The Hiram Bingham is an upscale train named for the US explorer who “rediscovered” and spread knowledge of Machu Picchu in 1911. The train was nice and followed the Urubamba River along the Sacred Valley.

Train Seat and Table
Lunch

The train had what I could only call a “glass caboose” for taking in the views as we traveled.

Rear Facing
Live Band

The ride was pleasant and the views reminded me of the fjords of Norway I visited over a year ago. I suppose “water eroding rocks” should look similar, but here we are about 10,000 feet in elevation.

After more than 2 hours we arrived at the modern village of Machu Picchu, which seems to purely support the tourist trade. However, stepping off the train provided a different surprise – of the tropical flower kind. Our guide explained that we crossed ecosystems – from the high mountains into the rain forest. The continental divide in South America is very far west and this Peruvian river is a tributary of the Amazon.

Surprise Hibiscus (Foreshadowing!)
Flower
Even More

We found our chartered bus and switch-back climbed the 2000 feet to get to the archeological site. Note: you do not have to that the bus as there are stairs. I didn’t see anyone climbing up, but did see many using the stairs down to save 50% of the bus fare.

Looking Down from Bus

We needed our passports to confirm out tickets, and we were in. The park uses 10 “circuits” for crowd control – your ticket is for a specific walking circuit. At the start there were yet more steps to take to get to high ground. But we finally found our view of Machu Picchu.

Machu Picchu
Different Angle
Yet Other Angle

Our guide explained how Machu Picchu construction started about 50 years before Columbus landed and was designed to hold 500-700 people. There was enough rainfall for terraced farming, but for human use an aqueduct was created along the crest of surrounding mountain crests. There is not any agreement of the purpose of this city, probably a mix of religious and political ideas. The site did not last long. When the Spanish showed up and started stomping on everything it was abandoned and the people moved further into the mountains.

About 60 percent of the stones and buildings are original with the remaining 40 percent being repaired. About 30 years ago National Geographic came by to film a documentary and felt the site looked to sterile. They imported a couple dozen llamas, which are still here – they keep the grass under control. The ranger said if you ignore plant maintenance more than a few weeks the jungle starts taking over again.

As we left the park we stopped at a cafe and had hibiscus juice. Which I did not know even existed. Two hours on the train was followed by another hour on the bus to get to our new hotel within Cusco. We arrived after 10pm and left around 7am to make it to the airport to return to Lima and then board the ship.
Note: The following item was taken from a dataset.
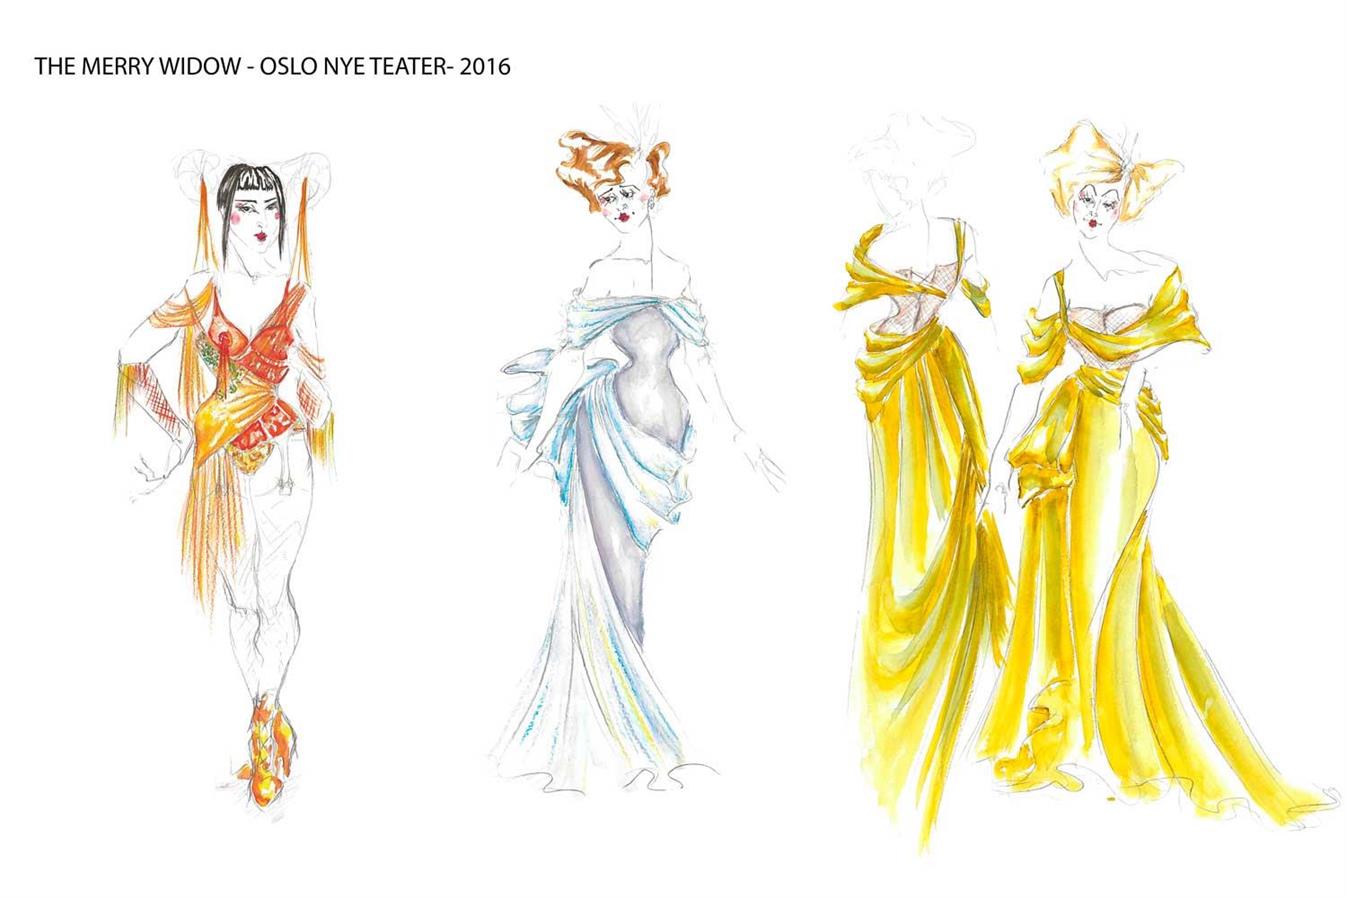 The Merry Widow - Oslo Nye Teater - Director: Svein Sturla Hugnes - Costume design: Christina Lovery

So, that was my field trip to the roof of the world. It was a lot of time traveling, but the mountain views were amazing.

Mountain Views

Machu Picchu is a world heritage site and I’m glad I went. However, I feel no need to return withing escorting friends and/or family. Kind of like my feelings about Antarctica. That compares to Japan or the Galapagos Islands – I’d go back there easily.

We have many sea days on the cruise ship as we cross the Pacific. Lots of small islands between us and New Zealand.